Bah. Missed it because it was in a different patch.
David
On Thu, May 25, 2023 at 11:39:53PM +0100, David Howells wrote:
> Change the old block-based direct-I/O code to use iov_iter_extract_pages()
> to pin user pages or leave kernel pages unpinned rather than taking refs
> when submitting bios.
>
> This makes use of the preceding patches to not take pins on the zero page
> (thereby allowing insertion of zero pages in with pinned pages) and to get
> additional pins on pages, allowing an extracted page to be used in multiple
> bios without having to re-extract it.
I'm not seeing where we skip the unpin of the zero page, as commented
in patch 1 (but maybe I'm not reviewing carefully enough as I'm at a
conference right now).
Otherwise my only rather cosmetic comment right now is that I'd called
the "need_unpin" member is_pinned.
On Thu, May 25, 2023 at 11:39:52PM +0100, David Howells wrote:
> +/**
> + * page_get_additional_pin - Try to get an additional pin on a pinned page
> + * @page: The page to be pinned
> + *
> + * Get an additional pin on a page we already have a pin on. Makes no change
> + * if the page is the zero_page.
> + */
> +void page_get_additional_pin(struct page *page)

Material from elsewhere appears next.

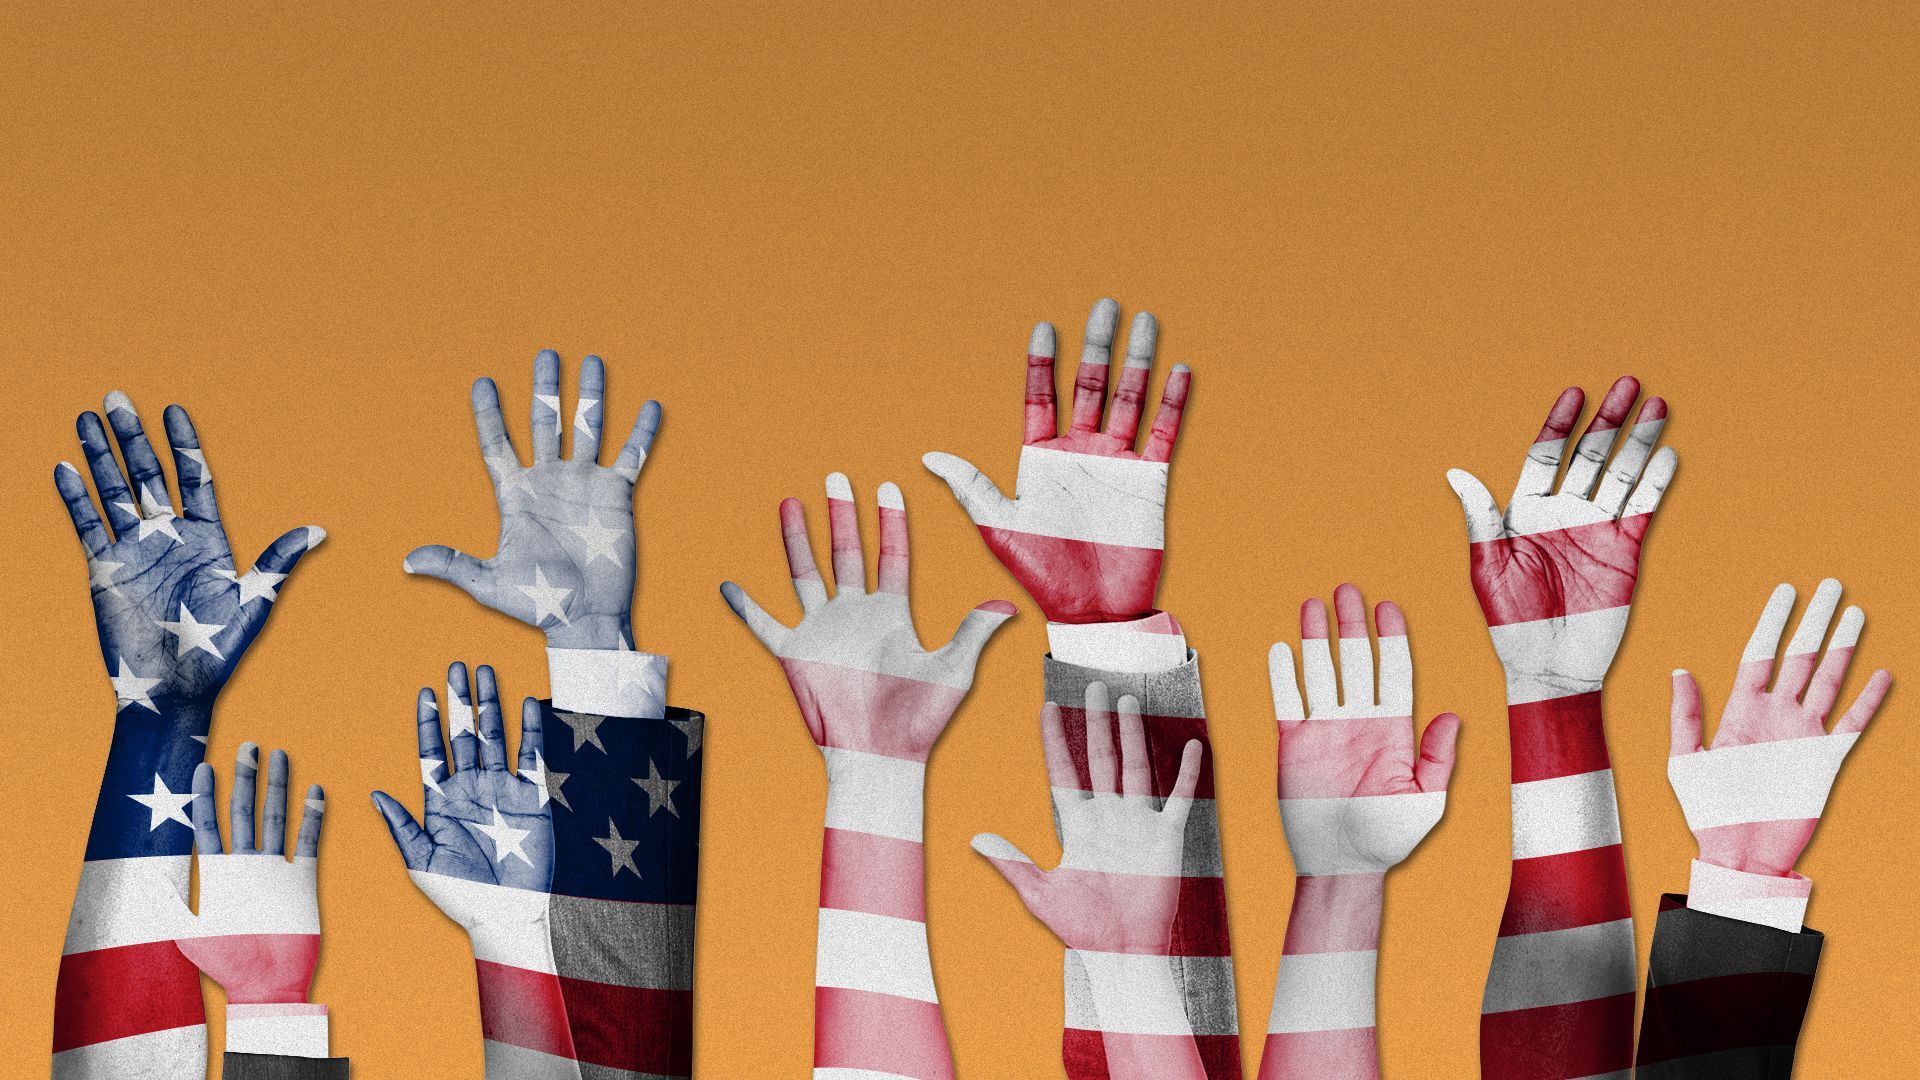 Illustration of a pattern of the U.S. flag on a group of raised hands.

page_get_additional_pin seems like an odd name, mixing the get and
pin terminologies. What about repin_page? Or move to a folio interface
from the start can call it folio_repin?
Christoph Hellwig <[email protected]> wrote:
> I'm not seeing where we skip the unpin of the zero page, as commented
> in patch 1 (but maybe I'm not reviewing carefully enough as I'm at a
> conference right now).
It's done by unpin_user_page{,s}(), hidden away in gup.c. See the commit
message for patch 1:
Make pin_user_pages*() leave a ZERO_PAGE unpinned if it extracts a
pointer to it from the page tables and make unpin_user_page*()
correspondingly ignore a ZERO_PAGE when unpinning.
David
Christoph Hellwig <[email protected]> wrote:
> > +void page_get_additional_pin(struct page *page)
>
> page_get_additional_pin seems like an odd name, mixing the get and
> pin terminologies. What about repin_page?
I considered that, though repin_page() suggests putting a pin back in after
one is removed, but I can go with that if no one objects.
> Or move to a folio interface from the start can call it folio_repin?
I also considered this, but the entire gup interface is page-based at the
moment, but I can do that too:-/
David